**Task statement**
Before copying, set the pictures aside; then repeat every line below verbatim.

**Supplied data**
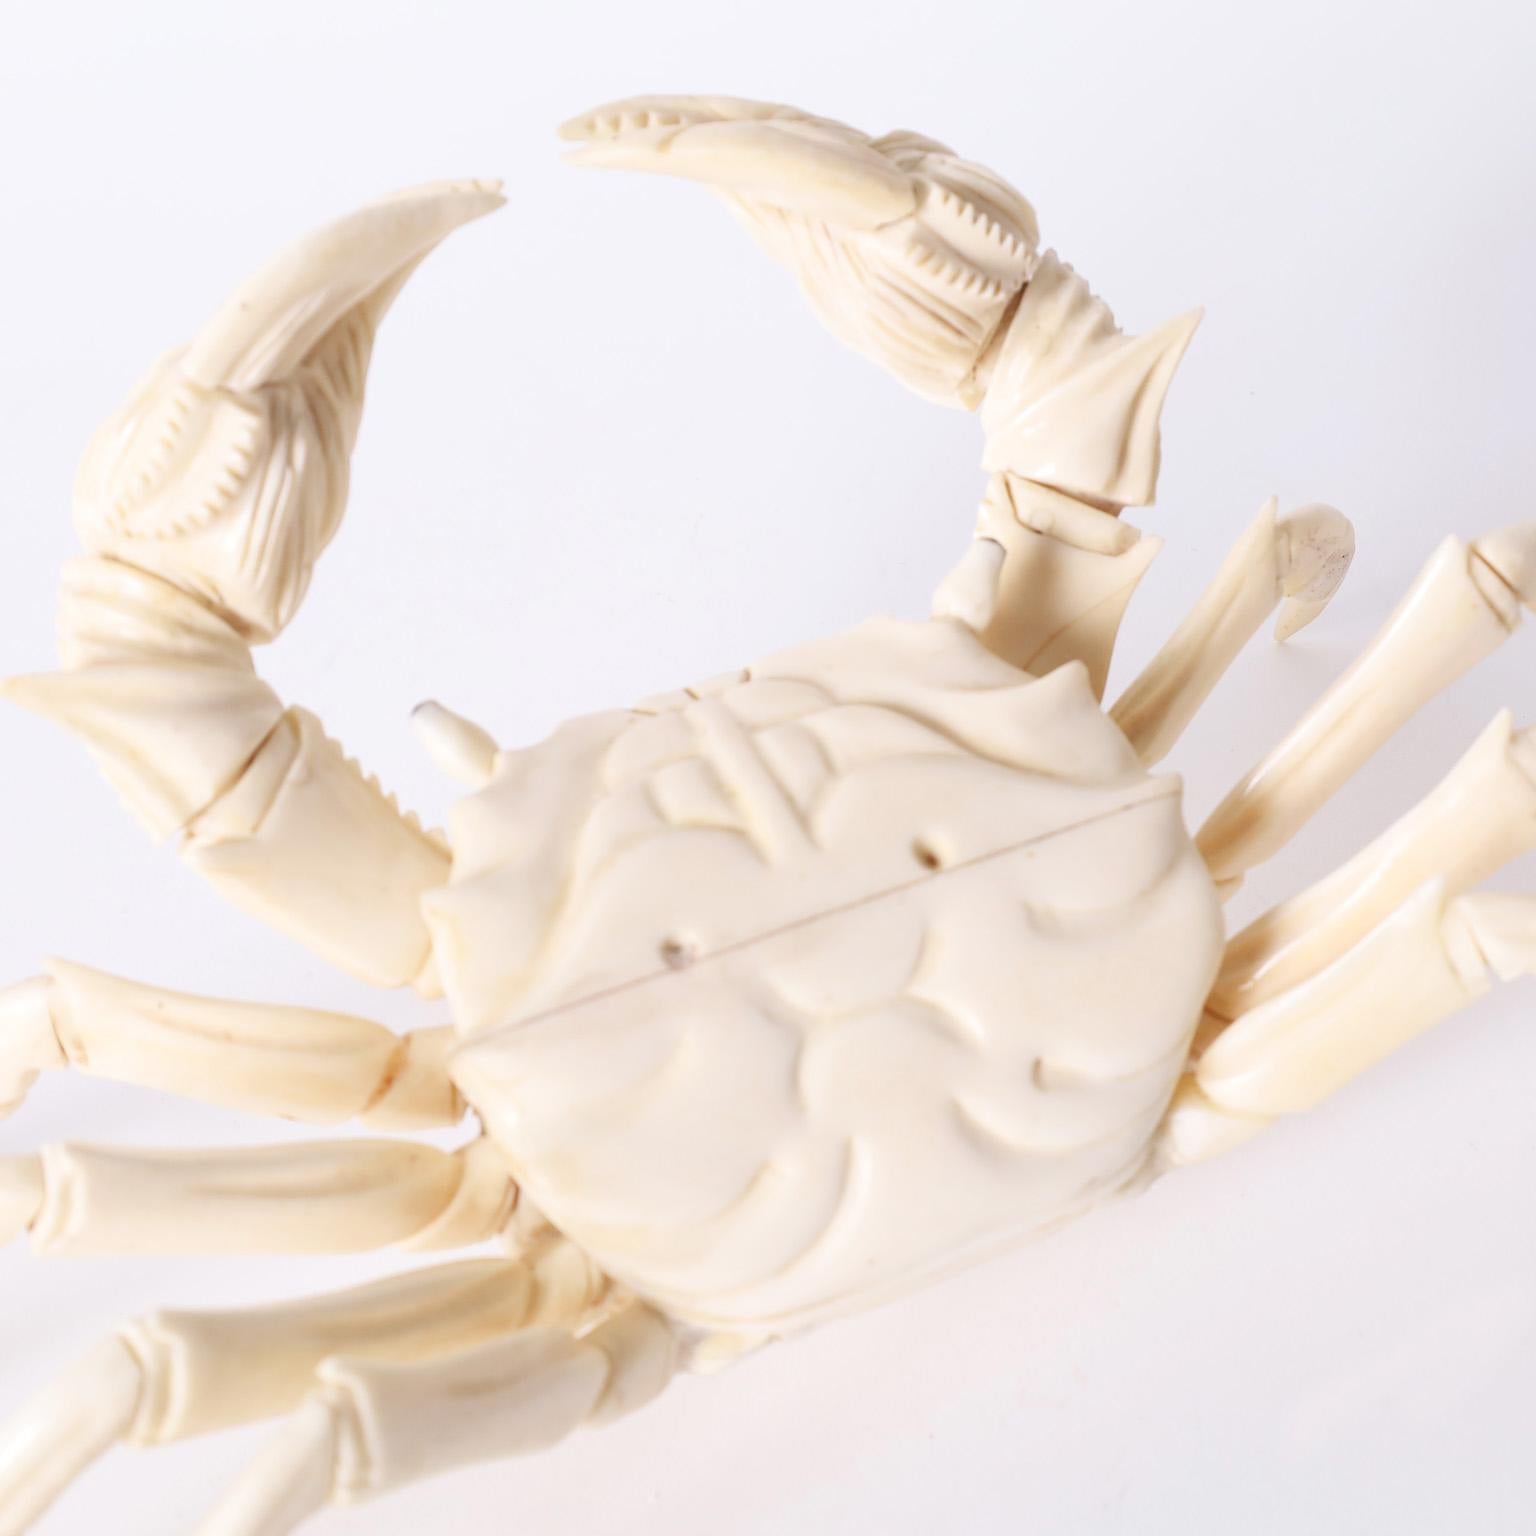 Bemerkenswerte Krabbenskulptur aus geschnitztem Knochen mit erstaunlicher Genauigkeit und vielen beweglichen Teilen.
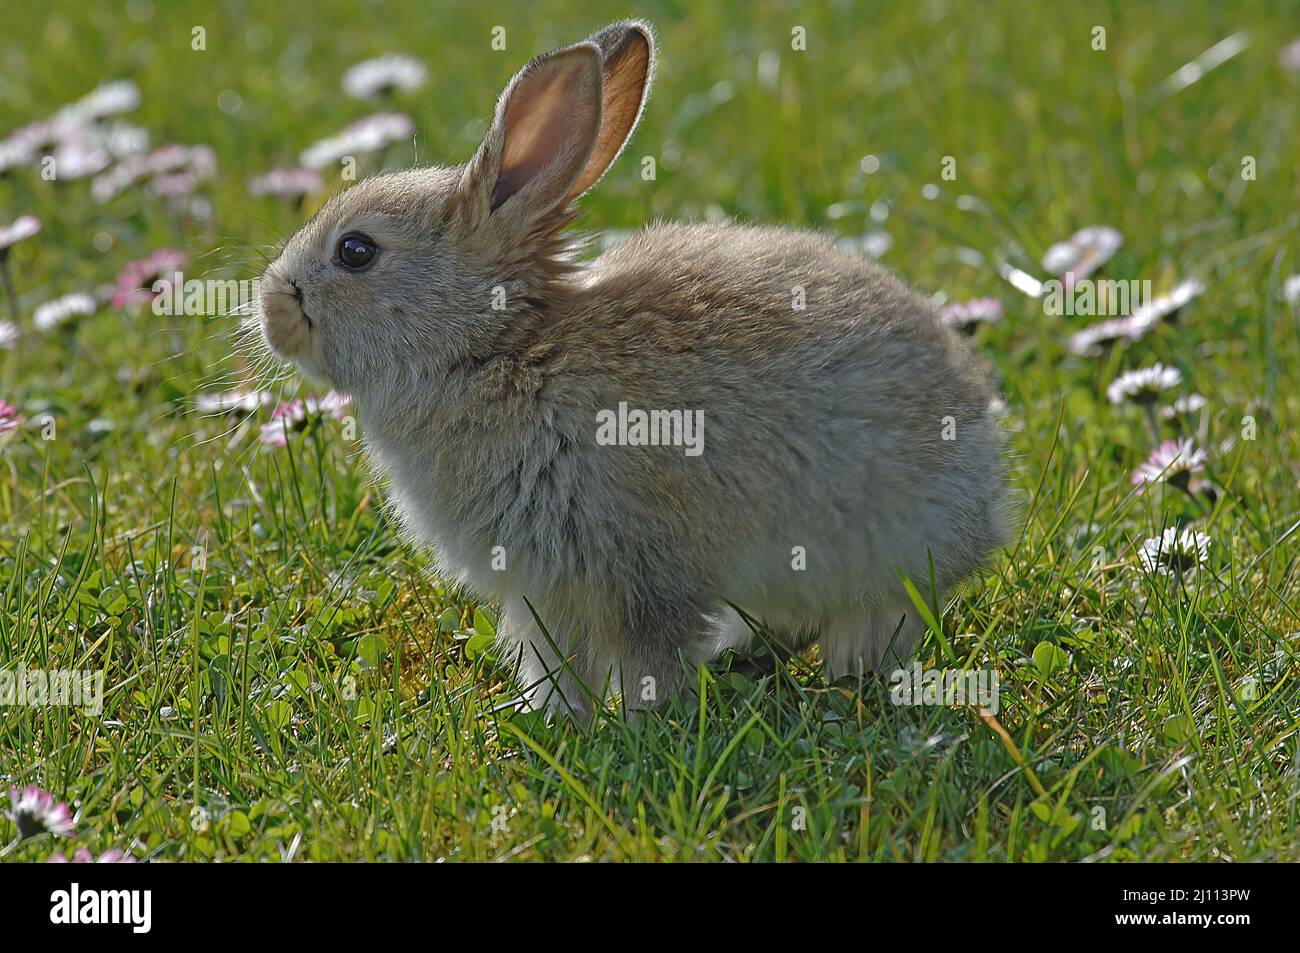 Hase, junger Hase auf einer Frühlingswiese, Häschen Foto Stock
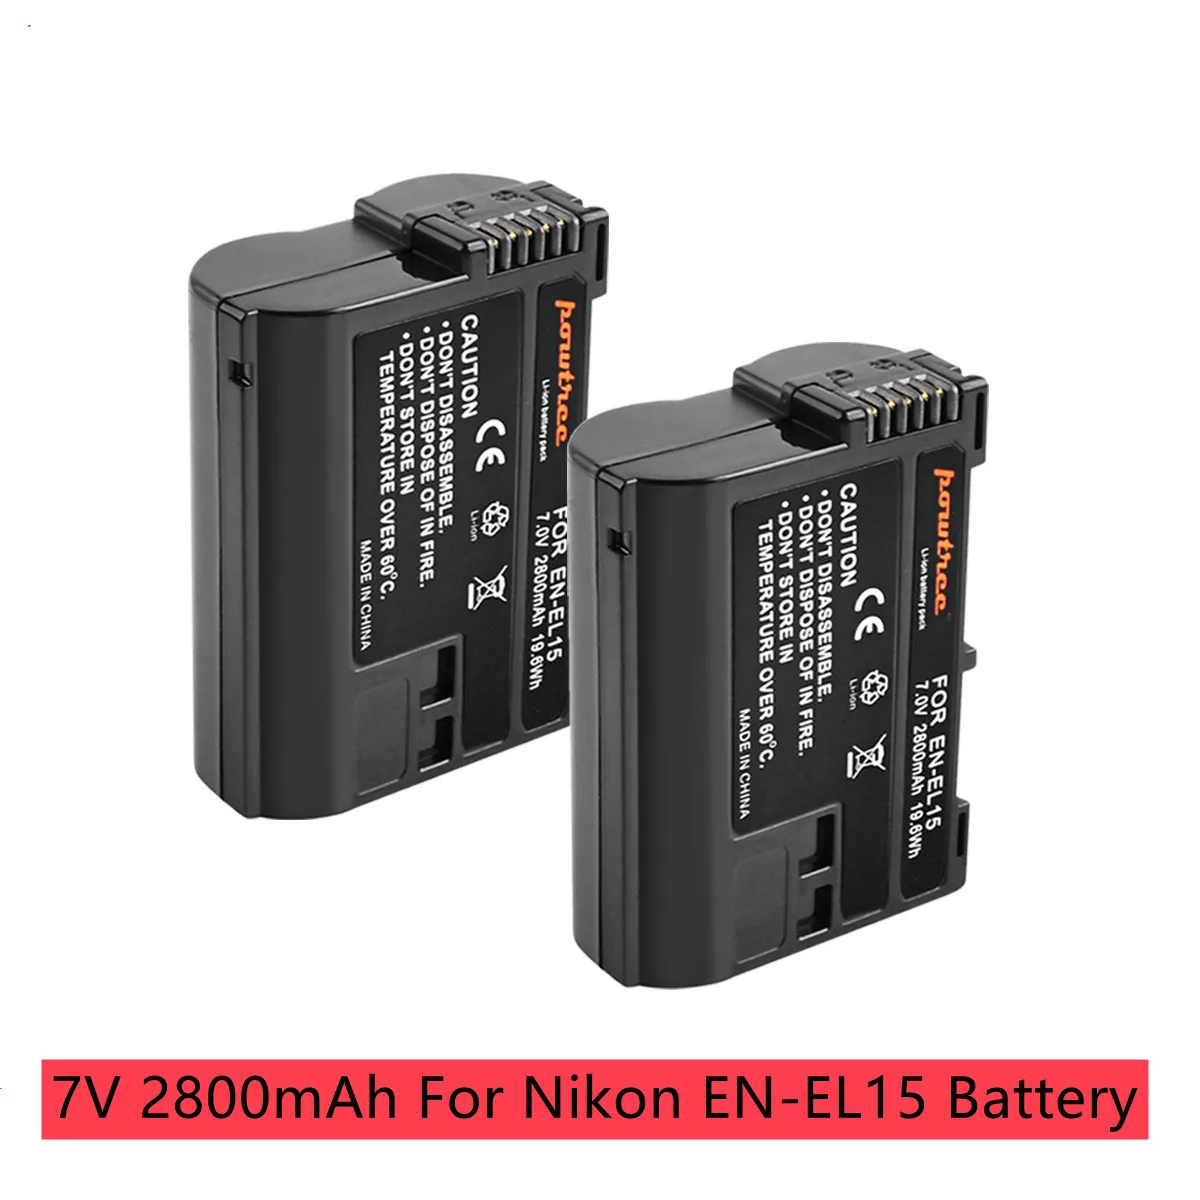 

EN-EL15 EN EL15a Camera Battery 7V 2800mAh For Nikon d750 d7200 d7500 d850 d7100 d610 d500, MH-25a d7000 z6 Replacement Battery

**Task answer**
 Bemerkenswerte Krabbenskulptur aus geschnitztem Knochen mit erstaunlicher Genauigkeit und vielen beweglichen Teilen.
 Hase, junger Hase auf einer Frühlingswiese, Häschen Foto Stock

EN-EL15 EN EL15a Camera Battery 7V 2800mAh For Nikon d750 d7200 d7500 d850 d7100 d610 d500, MH-25a d7000 z6 Replacement Battery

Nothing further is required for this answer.